When I was 10 years old Mssr. Gassion died, and so I went without training for almost a year.

Soon though a Kenpo instructor came to my town and began teaching out of the back of  a restaurant. _- no... I'm not making that up.. even though it sounds like some kind of kung-fu movie plot -_ This was Professor Jack Long, a student of Master Professor Ralph Castro, and Master John Keehan.  I studied with Jack Long until 1974, earning my 1st degree black during that time.

Years later I would find and train with Master Long again - earning my 2nd degree black belt from him.

During that year my work career took me to another city, and so it was there that I started training it what would become my main art - Taekwondo.  I began studying with Master Marty MacKowski in San Mateo CA. Later after about 2 years study there, my career moved me south to San Jose CA, and I changed instructors to Master Dan Choi.
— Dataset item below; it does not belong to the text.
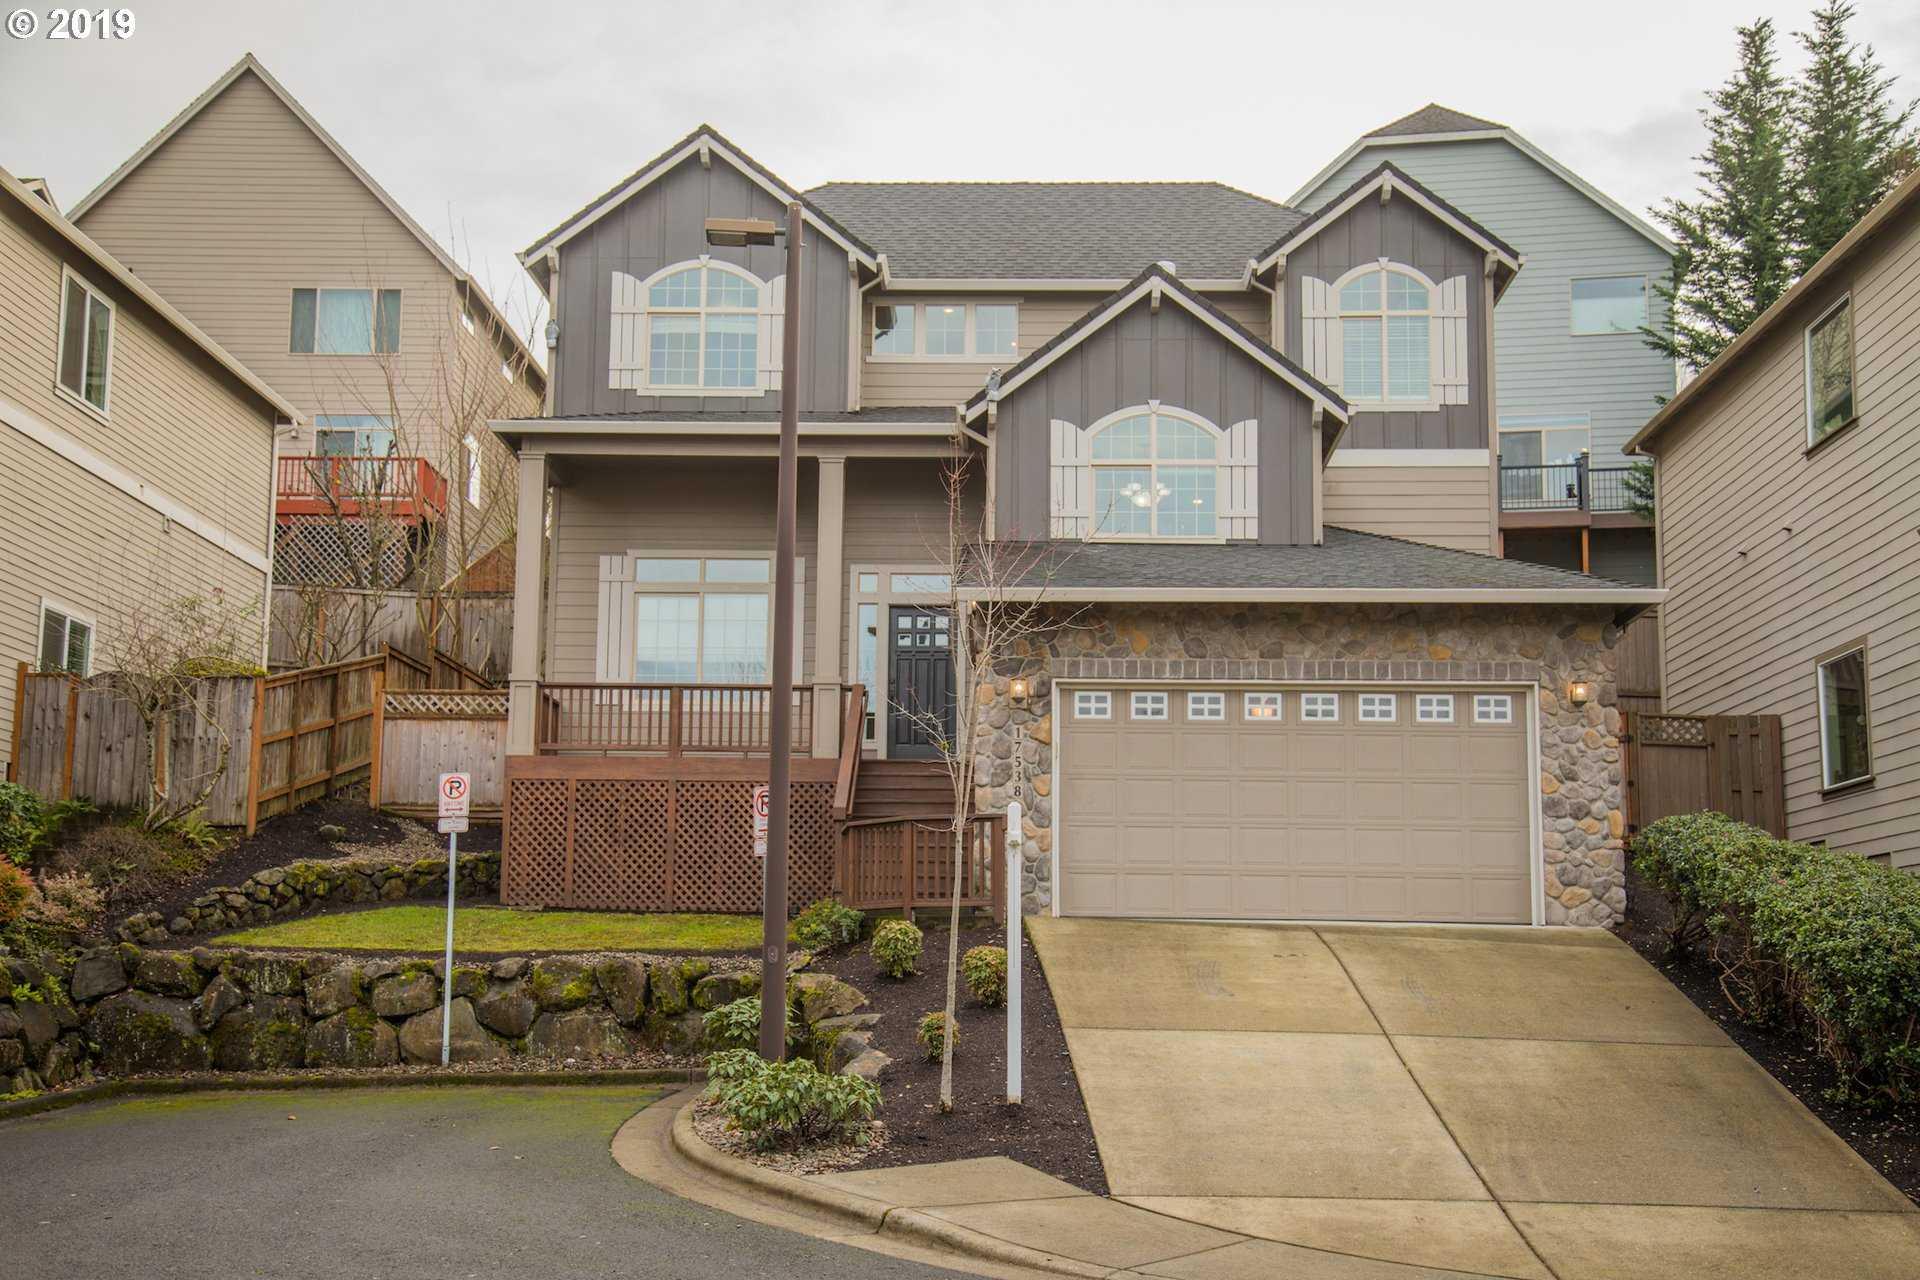 $489,900 - 3Br/3Ba -  for Sale in Beaverton

While studying at Master Choi's school, there was a shake up within the ranks, and the school split.  As circumstances would fall, I had been training at one of his schools that broke away, forming West Coast Taekwondo, under Ernie Reyas, Tony Thompson, and Ed Fong.  

While at West Coast Taekwondo I earned my 2nd degree black belt, and did a considerable amount of tournament fighting / form competition as well as several PKA full contact fights.  Also, in 1983 I opened my own West Coast Taekwondo training studio in San Ramon CA.  Within a couple of years of starting my studio, I had a business related falling out with Master Thompson, and left their organization.  It was at that time that I began training first with Grand Master William Kim, and later with Grand Master Pyong Hoe Koo.

Through Master Kim I began study in Hapkido, and through Master Koo I became involved in the PTA (Pro-Taekwondo Association), and eventually earned my 6th degree black belt in Taekwondo.

I ran my own studio for 8 years, then in the early 90's I gave the studio over to Master Koo due to family issues.  I then continued as Chief instructor for Master Koo, overseeing instruction at his 2 schools. 

As I am a believer in continually furthering my education through concurrent training, I have also studied Judo in college, Jujitsu (briefly) with Master Wally Jay, Shotokan Karate with Master Jim Mather, and Escrima with Mike Innay and Grand Master Remy Presas.  I also continued my Hapkido training with Master Riccardo Oliveria.

So that's pretty much it.  So.. Hello!


----------



## C Denny Run* (May 25, 2011)

Sounds like a pretty extensive background you have there. Welcome to the forum, and I look forward to seeing your posts. I'm sure you have much to contribute!

Thanks for joining!


----------



## MidnightBlue (May 25, 2011)

Hi, Tinker 1.  Welcome to the forums.  I look forward to art analogies to the martial arts here in MT.  I used to be a teacher (high school), and now I work with adult learners, so I really like analogies in general.    Also, you've had experiences I have never had--I'd like to hear more about Savate, as it's an art of which I've never heard!


----------



## OKenpo942 (May 25, 2011)

Welcome to MT.


----------



## seasoned (May 25, 2011)

Greeting and welcome to MT.


----------



## oftheherd1 (May 26, 2011)

Welcome to MT.  Look forward to hearing more from you and seeing your contributions.  Have you continued much in Hapkido?


----------



## tinker1 (May 26, 2011)

oftheherd1 said:


> Welcome to MT.  Look forward to hearing more from you and seeing your contributions.  Have you continued much in Hapkido?



Not too much.  I love the art, but since I've moved to Colorado I've not found a teacher.  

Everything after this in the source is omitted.